Patients in this trial took a Merck checkpoint inhibitor, pembrolizumab, for up to two years. Tumors shrank or stabilized in about one-third to one-half of patients, and they lived longer. Tumors disappeared in 10% of trial participants.
This caused Dr. Cercek and Dr. Diaz to wonder: what if the drug was used much earlier in the course of the disease, before the cancer had a chance to spread?
They opted for a study of patients with locally advanced rectal cancer – tumors that had spread to the rectum and sometimes to lymph nodes, but not to other organs. Dr. Cercek had noticed that chemotherapy was not helping a portion of patients who had the same mutations that affected patients in the 2017 trial. Instead of shrinking during treatment, their rectal tumors grew.
According to Dr. Cercek and Dr. Diaz, immunotherapy with a checkpoint inhibitor may allow these patients to avoid chemotherapy, radiation therapy and surgery.
New developments in cancer research
Progress on the ground. In recent years, advances in research have changed the way cancer is treated. Here are some recent updates:
Dr. Diaz began asking companies that made checkpoint inhibitors if they would sponsor a small trial. They refused it, saying the trial was too risky. He and Dr. Cercek wanted to give the drug to patients who could be cured with standard treatments. What the researchers were proposing could end up allowing cancers to grow beyond the point where they could be cured.
“It’s very difficult to change the standard of care,” Dr. Diaz said. “All the standard care machinery wants to do the surgery.”
Finally, a small biotechnology company, Tesaro, agreed to sponsor the study. Tesaro was bought by GlaxoSmithKline, and Dr Diaz said he needed to remind the larger company they were running the study – company executives had all but forgotten about the small trial.
Their first patient was Sascha Roth, then 38 years old. She first noticed rectal bleeding in 2018, but otherwise felt fine — she’s a runner and helps run a family-owned furniture store in Bethesda, Maryland.
During a sigmoidoscopy, she recalls, her gastroenterologist said, “Oh no. I was not I expected that!”
The next day, the doctor called Mrs. Roth. He had undergone a biopsy of the tumor. “It’s definitely cancer,” he told her.
“I completely melted,” she said.
Soon she was due to start chemotherapy at Georgetown University, but a friend had insisted she first see Dr Philip Paty at Memorial Sloan Kettering. Dr. Paty told him that he was almost certain that his cancer included the mutation that prevented him from responding well to chemotherapy. It turned out, however, that Ms Roth was eligible to take part in the clinical trial. If she had started chemotherapy, she wouldn’t have been.

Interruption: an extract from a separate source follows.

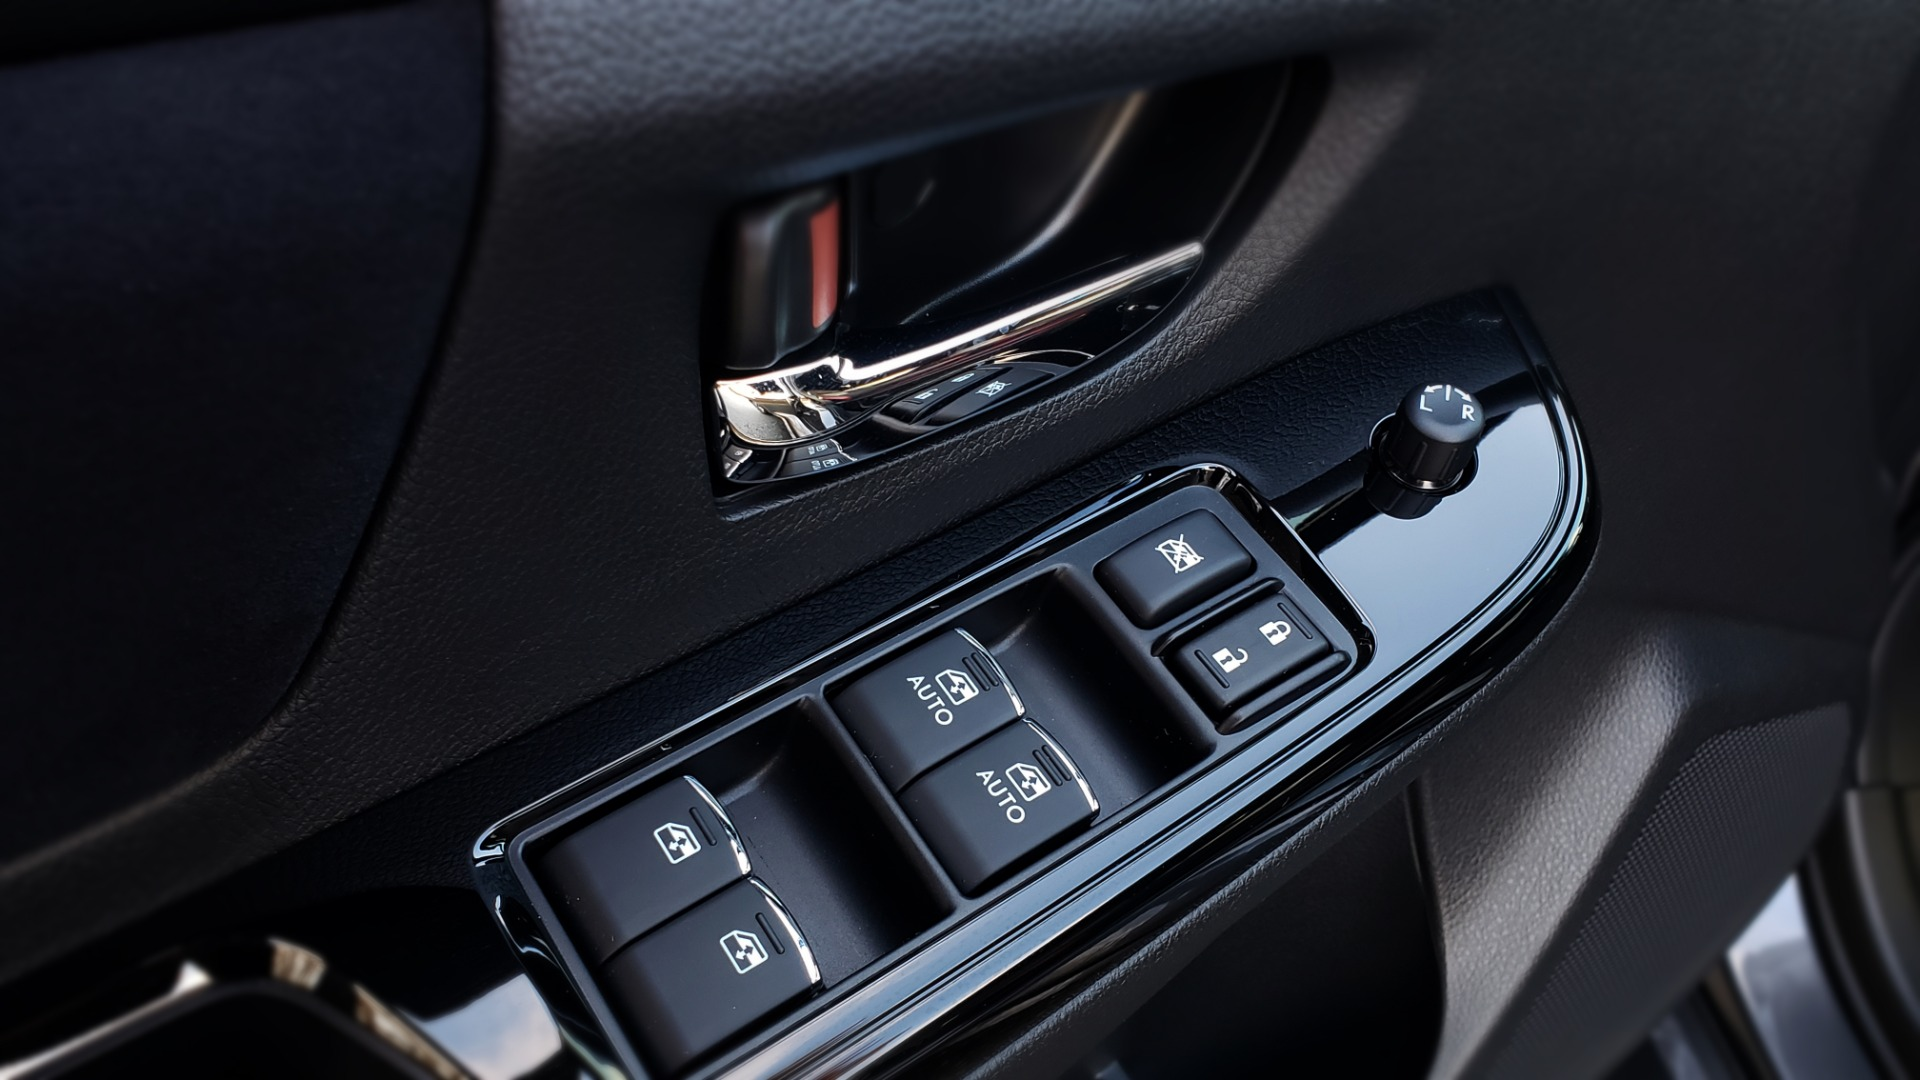 Used 2020 Subaru WRX STI 2.5L TURBO / 6-SPEED MANUAL / RECARO SEATS / REARVIEW for sale Sold at Formula Imports in Charlotte NC 28227 31

Not expecting a full response to dostarlimab, Ms. Roth had planned to move to New York for radiation, chemotherapy and, possibly, surgery after the trial ended. To preserve her fertility after scheduled radiation therapy, she had her ovaries removed and put back under her ribs.
After the trial, Dr. Cercek broke the news to him.
“We looked at your scans,” she said. “There is absolutely no cancer.” She did not need any further treatment.
“I told my family,” Ms Roth said. “They didn’t believe me.”
But two years later, she still has no trace of cancer.